On Saturday, one of my sons took me with him and his wife to the lake for the day. We had a wonderful time and I learned the beginnings of paddle boarding – but noticed that both ankles and feet were swelling and that keeping them in the water eased the pain just a bit.

It was in the wee hours of Sunday morning that I was in so much pain that I couldn’t sleep. I tried to get out of bed and saw that my ankles and feet were extremely swollen and red. I managed to get down the stairs and started tending to my “injuries,” but as I thought about the events of the past few days, a life lesson emerged in my mind!

You know that giant hornet’s nest? I saw it as the enemy. I saw it as a danger if left unattended. It was obvious that inside that nest were little creatures that could do great damage not only to me but to those that I love. Little grandboys saw it as a target for rocks! Because I recognized it as a danger, I made sure to have it removed. But what I wasn’t careful about was the remnants that were left behind. While sweeping the porch, I never considered that there was a lone hornet lurking that was ready and very able to hurt me. And it did!

When I started the mower and began working on the grass, I didn’t see the yellow jacket’s nest. I had no idea that while going about my business, I would be quite literally attacked by several tiny creatures that could do great harm to me. Within 15 minutes on a Friday morning, while going about my daily work nonchalantly and maybe even a little carelessly, I was hurt by unseen enemies.

In my Christian life, quite often I’m aware of the giant enemies; the giant temptations that I know I need to not only avoid but remove from my life.

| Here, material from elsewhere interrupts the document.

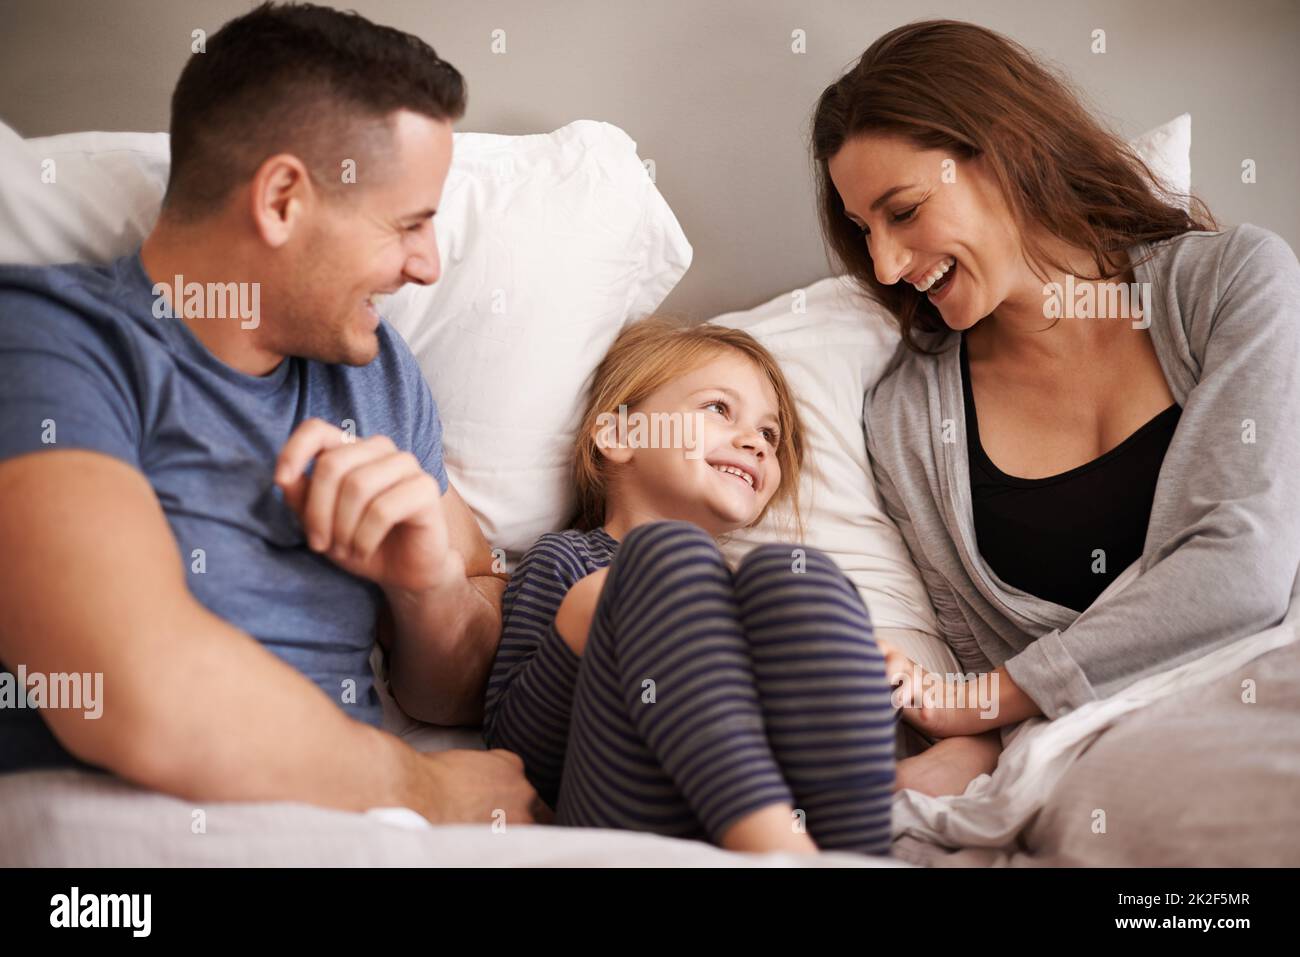 In bed with mom and dad. Cropped shot of an affectionate young family lying in bed together. Stock Photo

What I am most often hurt by are the unseen enemies, those that I am careless about, those that I don’t take the time to focus on, to remove from my life: pride, jealousy, selfishness, self-pity… In weak moments or moments of carelessness, I allow these things to creep in, and great damage is done to not only myself but to those that I love as I allow the unseen enemies to affect me.

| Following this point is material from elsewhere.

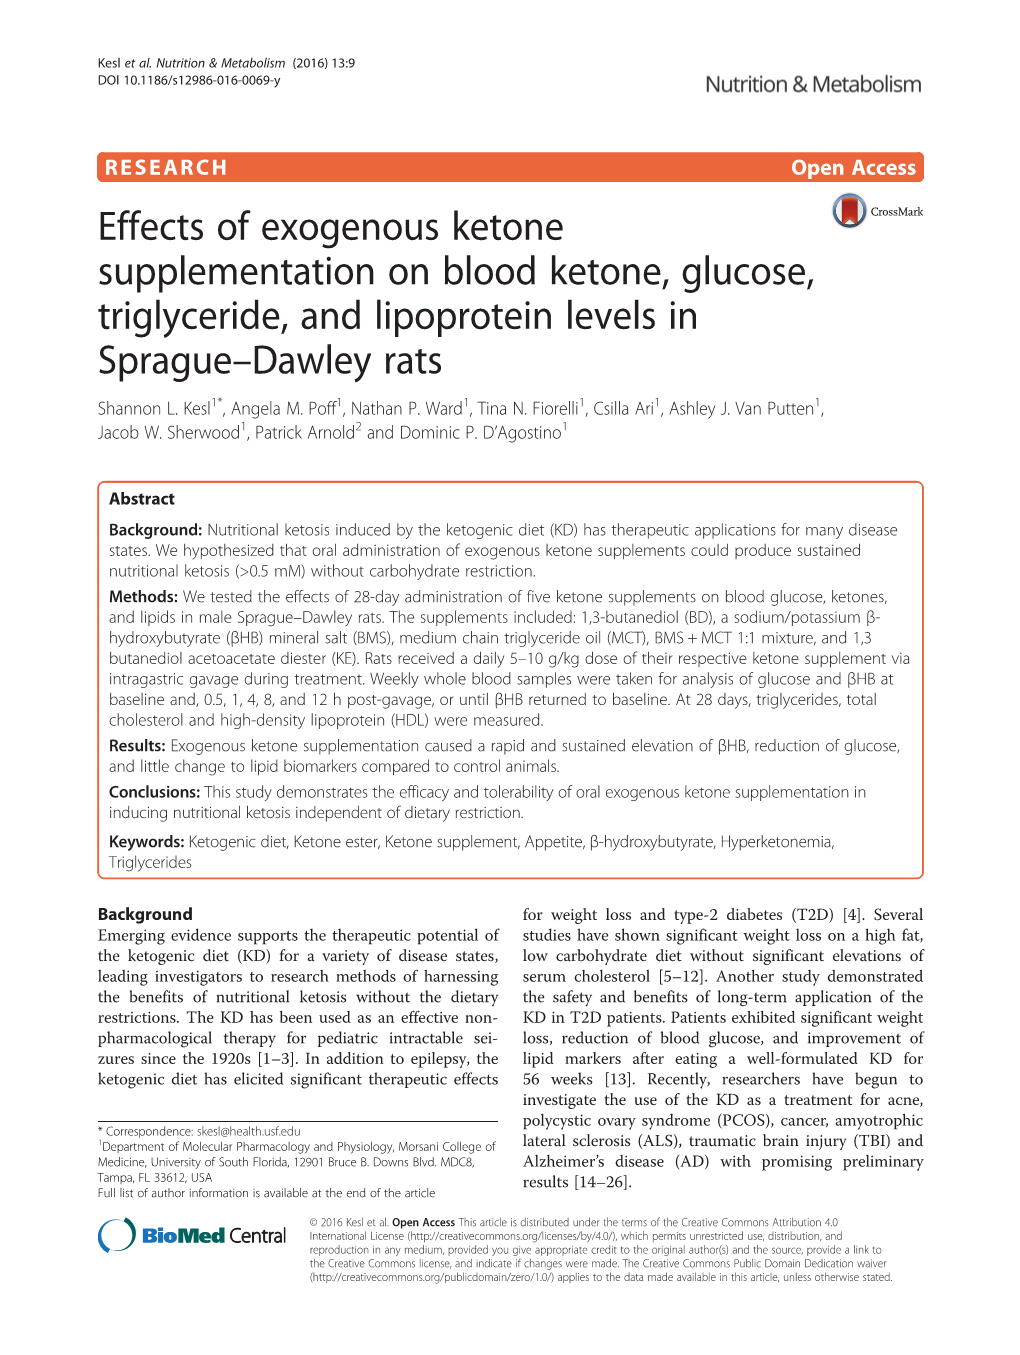 Effects of Exogenous Ketone Supplementation on Blood Ketone, Glucose, Triglyceride, and Lipoprotein Levels in Sprague–Dawley Rats Shannon L

The effects of my stings linger. It’s almost a week later, and I still have residual scars, that crazy itch that reminds me of what happened, and some soreness at the site of the stings. The effects of spiritual unseen “stings” also linger when we allow them into our lives. Damaged relationships may take years to rebuild, a damaged testimony or reputation may be impossible to overcome, a pause in my spiritual growth will hinder all that God desires to do in my life…

What I’ve learned through this experience is simple: Yes, get rid of the giant hornet’s nest, but don’t forget about the unseen enemy lurking beyond the obvious! I must daily take stock of my heart and seek the Lord; asking if there is any wicked way in me that needs to be dealt with – any root of sin that I need to ask the Lord to forgive and then walk through my day alert and aware of what may trip me up, what may do me harm!

Thank you for reading, and as always, thank you so much for your support of my work.